We had a seemingly impossible set of outcomes relating to the then-distant and seemingly preposterous prospects of Brexit, Donald Trump’s presidency, and the continued rise in populist movements across Europe. We faced a protest as people sought to wake up politicians, institutionalism, and the mainstream media. None of it would happen of course! The rise of populism was just a reminder that the average person was still there, right?
Well, what was speculation is now fact and there is no sign of these trends reversing. The average person’s “reminder” is now real power. I raise this topic, not with any political bias or opinion on the outcomes, but to note that we are living in a genuinely different world now and, as always, we need to focus on what that means to us.
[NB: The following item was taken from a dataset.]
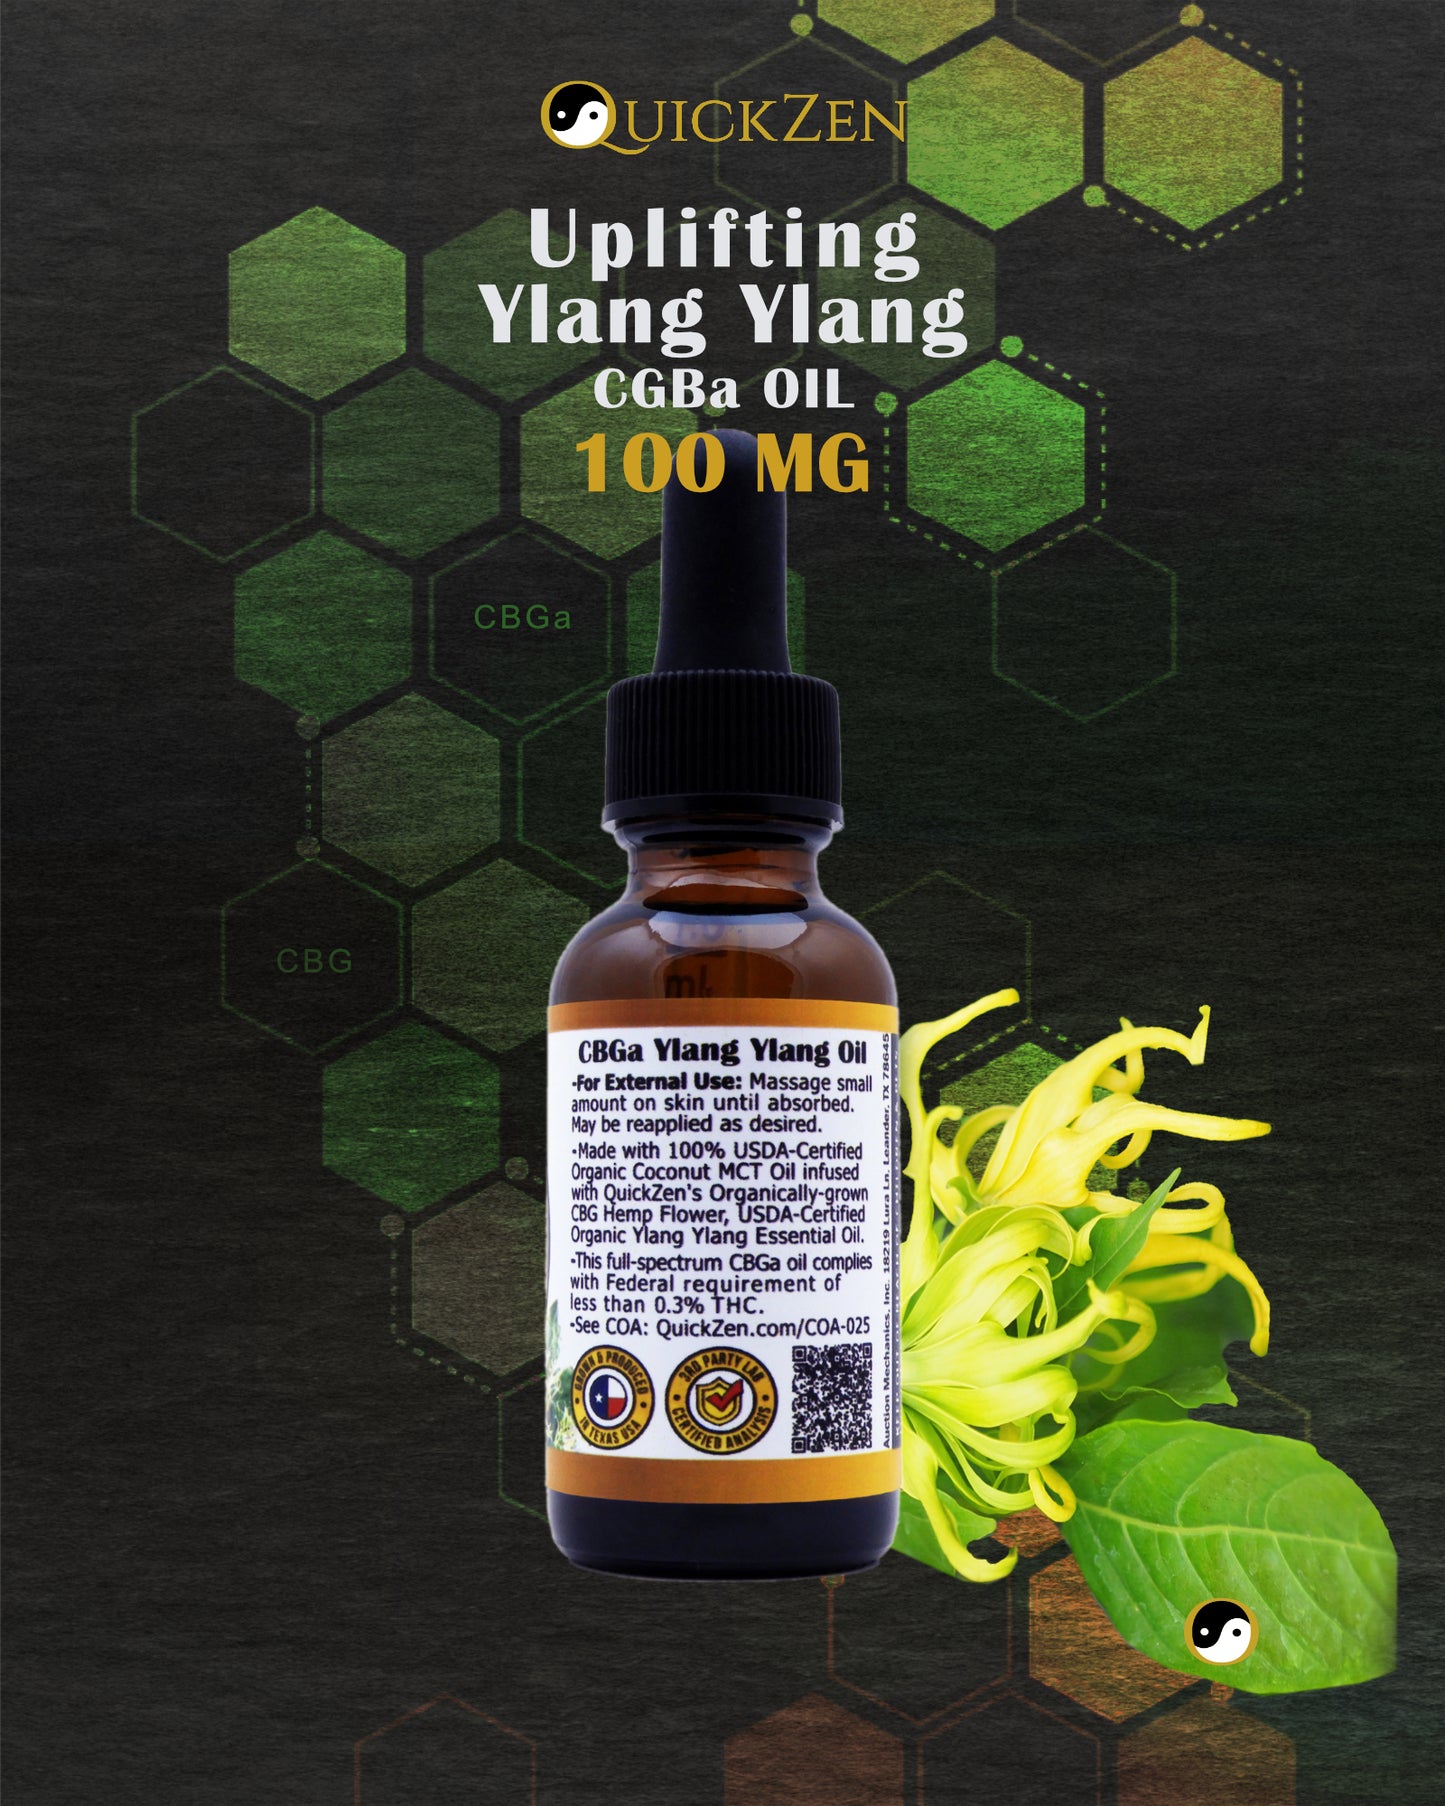 Rear view one ounce bottle of ylang ylang CBGa oil, 100 milligrams. With a lang lang flower. Green molecule icons in the background.

We as ACROSS readers are in a very people-oriented property class. In retail, we can affect the success of our investments and retail businesses by responding to the needs and wants of the people that pay for the goods and services that ultimately generate our returns. In our industry, we are evolving from “just” managers of real estate into behavioral scientists. So the “average person” has kicked the nest and she has found her voice. She isn’t so average anymore.
Fortunately, if that is the right word, we in the retail property business have already been forced to adjust to the early rise of people power. I am talking about the internet, of course, and the sustained but powerful impact that it has had on our physical retailing environments over the past 15 years or so.
We have become used to individuals wielding new powers and preferences and, generally speaking, we have adapted and responded. We now have more technology-enabled and consumer-focused properties. We have collectively introduced new entertainment facilities and have been working with retailers on their distribution strategies. We have chill-out lounges and selfie stations!
The revolution, however, continues apace and the issues are broadening. It’s not just how we deal with the trends of individuals anymore but also the combined populist pressures in elected governments.
For example, just one issue that affects us all: Sunday trading bans. It is well known that Hungary and Poland have either implemented or proposed such bans. In the case of Hungary, this was subsequently repealed, but in Poland, the proposals are still being advanced. This is where it is tricky, because the populist government has to balance out what is right for its people, especially employment versus deals done with pressure groups, to get in to govern in the first place. Populism is skewed, particularly in government.
So while we have been adjusting as an industry with some success and some failure, we need to find another charge of spirit within us and look at the broader movement of people power.
We need to be constantly aware of not just the technological impacts of the people’s voice but the broader social, legal, and economic impacts that are flowing on. With real estate being a permanent asset class, our subsector is very dynamic because it is so people-centric. We have an almost unique position in which we have to manage both the fluid and the static every single day of the year.
How we manage the demands from empowered individuals and the different styles of government that represent the majority of individuals will be an exciting challenge for us in our industry.